Четыре пары глаз ждут от меня последних известий, и я выкладываю все, что было в каюте завпроизводством.
— Насиров молодец, — тут же делится своим убеждением Лешка. — Бугор такой как раз и должон быть.
— Но он же подлый! — возмущаюсь я.
— А это его дело, — невозмутимо отвечает Лешка. — Главно, чтоб толпе было хорошо…
— Насиров такой, — говорит Ромка, — если закурить попросил, так ты ему всю пачку отдай.
— Бугра, Пацан, поважать надо.

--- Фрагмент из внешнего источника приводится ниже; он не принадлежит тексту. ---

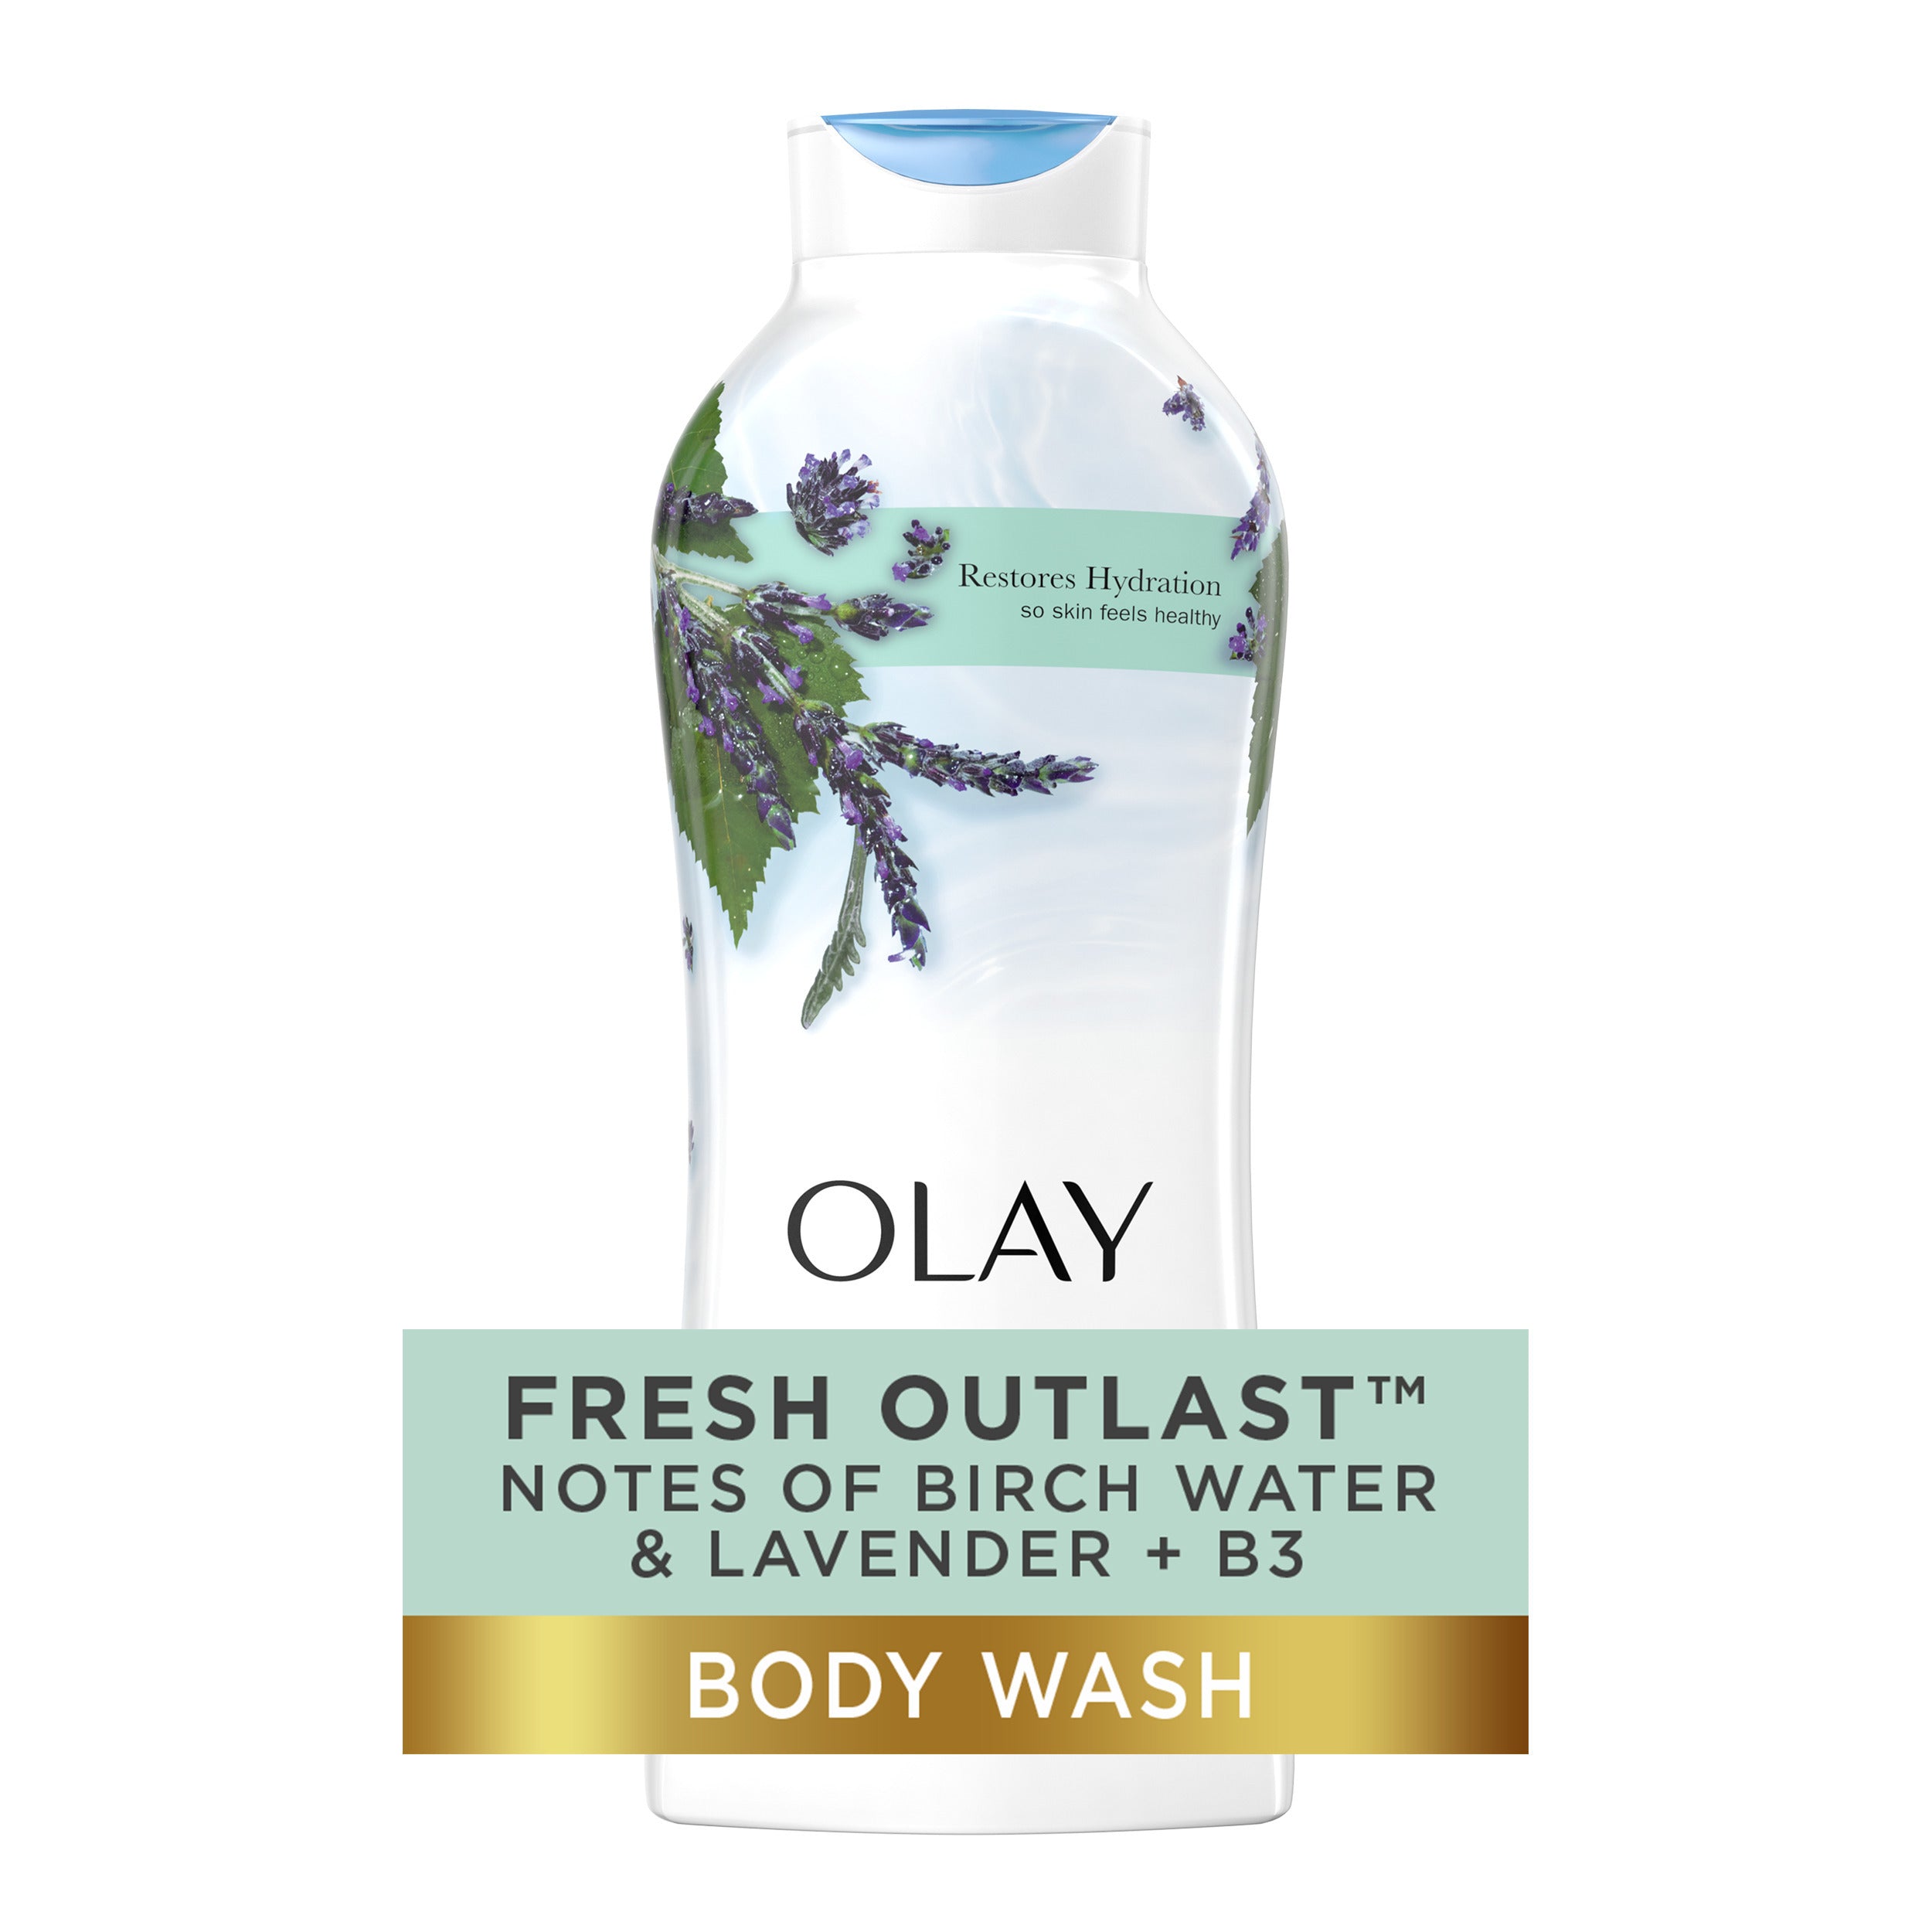 Olay Fresh Outlast Body Wash, Notes of Birch Water & Lavender, 22 fl oz | MTTS304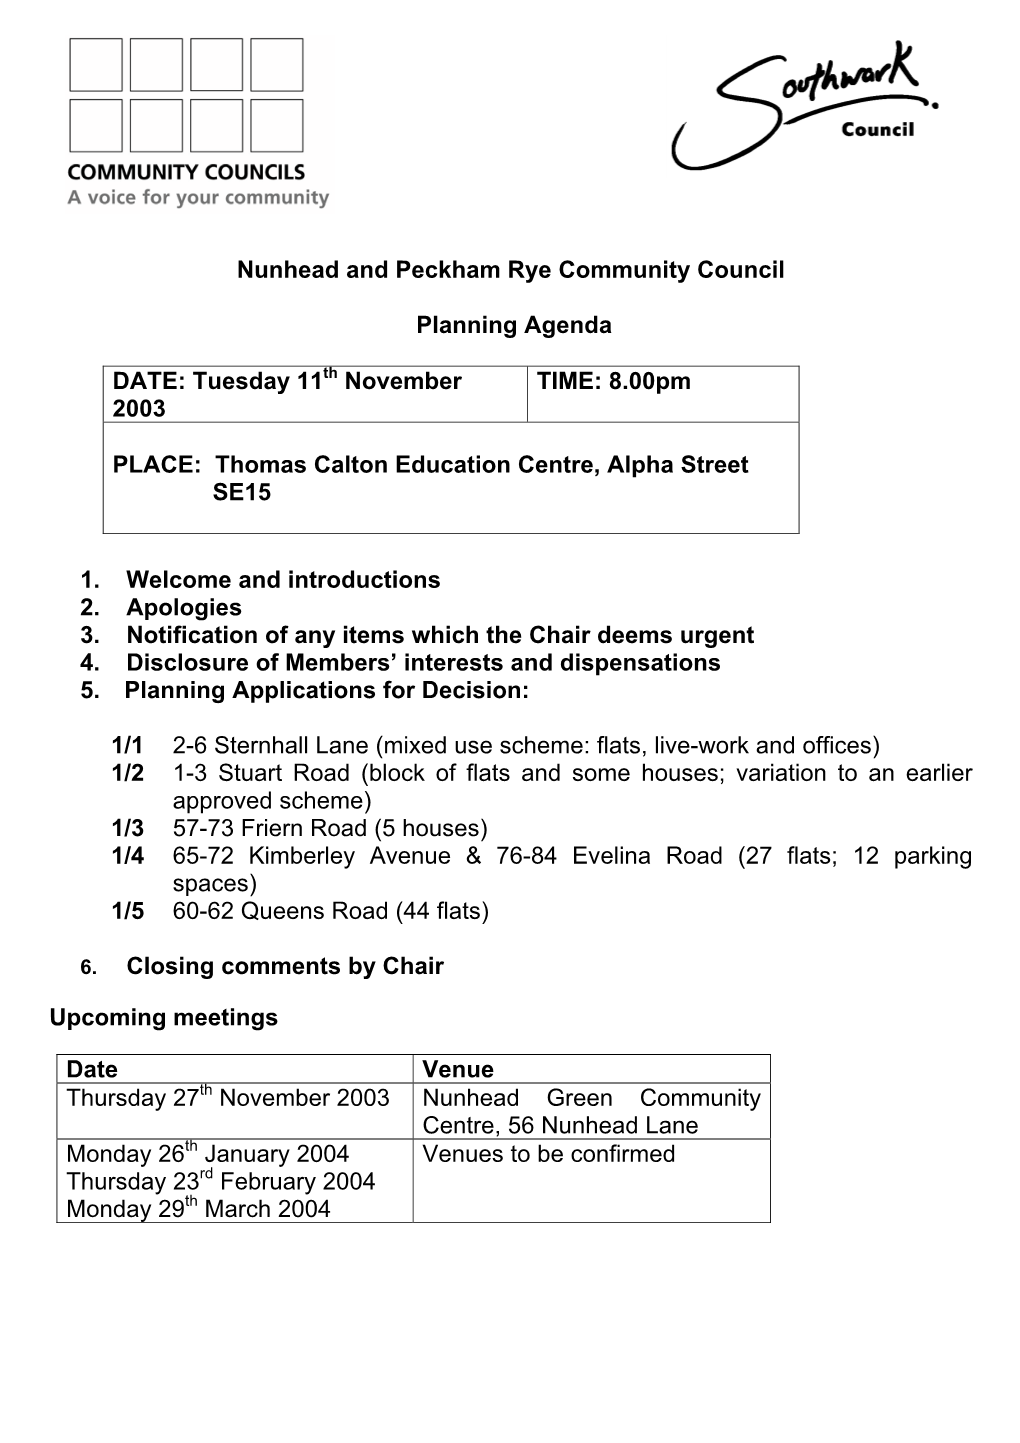 Nunhead and Peckham Rye Community Council Planning

Секешь? — И Лешка пускает в Ромку вихрастый конус голубого в солнечном луче дыма. — Хотя и в кино, к примеру, стул ему уступишь, с тебя не отвалится.
— А скажет: жену давай, — хмыкает Ромка, — так ты тоже уступишь?
— Овцу-то свою? — индюком надувается Лешка. — Пожа-а-луста.
Каждый получает то, что заслужил, мстительно думаю я об «овце». Потом резко выдергиваю из-под койки чемодан (с месяц, наверно, не открывал). Под рубашками, под папкой со стихами лежит зеленый лист сахалинского лопуха, сложенный вчетверо, сморщенный, ссохшийся. Но весь чемодан от него пропах чудесными земными запахами — дождями, грибами, осенней листвой. Достаю его, осторожно — прячу за пазуху и выхожу.